### TASK INPUT
------------------------------------------------------------

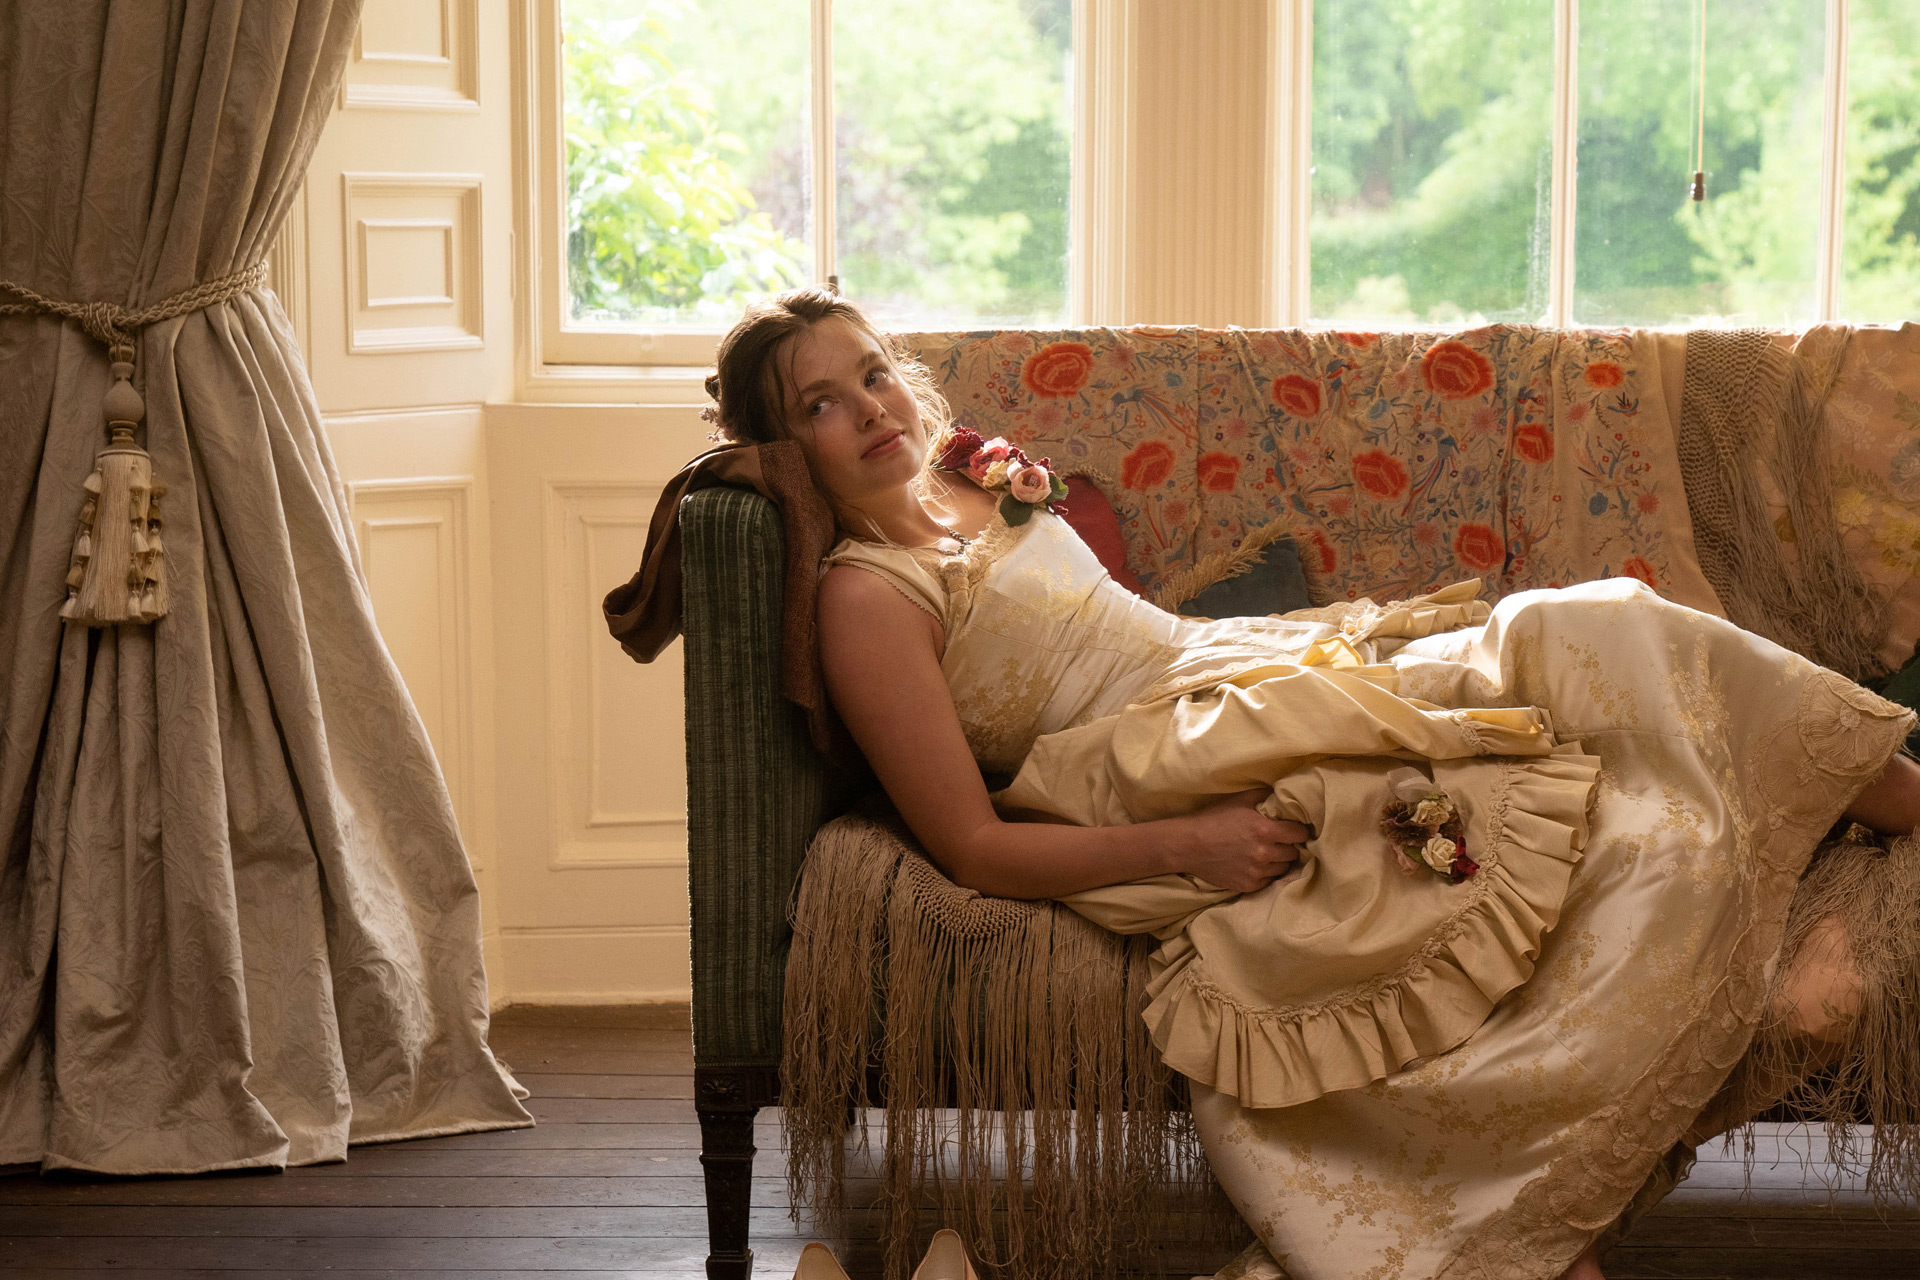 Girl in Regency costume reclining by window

------------------------------------------------------------

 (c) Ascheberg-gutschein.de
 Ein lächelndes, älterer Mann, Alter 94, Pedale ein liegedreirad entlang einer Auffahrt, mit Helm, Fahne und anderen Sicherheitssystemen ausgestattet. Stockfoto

------------------------------------------------------------

Give back exactly the lines above, from the line containing "(c) Ascheberg-gutschein.de" through the line containing "Ein lächelndes, älterer", with both end lines and nothing more.

 (c) Ascheberg-gutschein.de
 Ein lächelndes, älterer Mann, Alter 94, Pedale ein liegedreirad entlang einer Auffahrt, mit Helm, Fahne und anderen Sicherheitssystemen ausgestattet. Stockfoto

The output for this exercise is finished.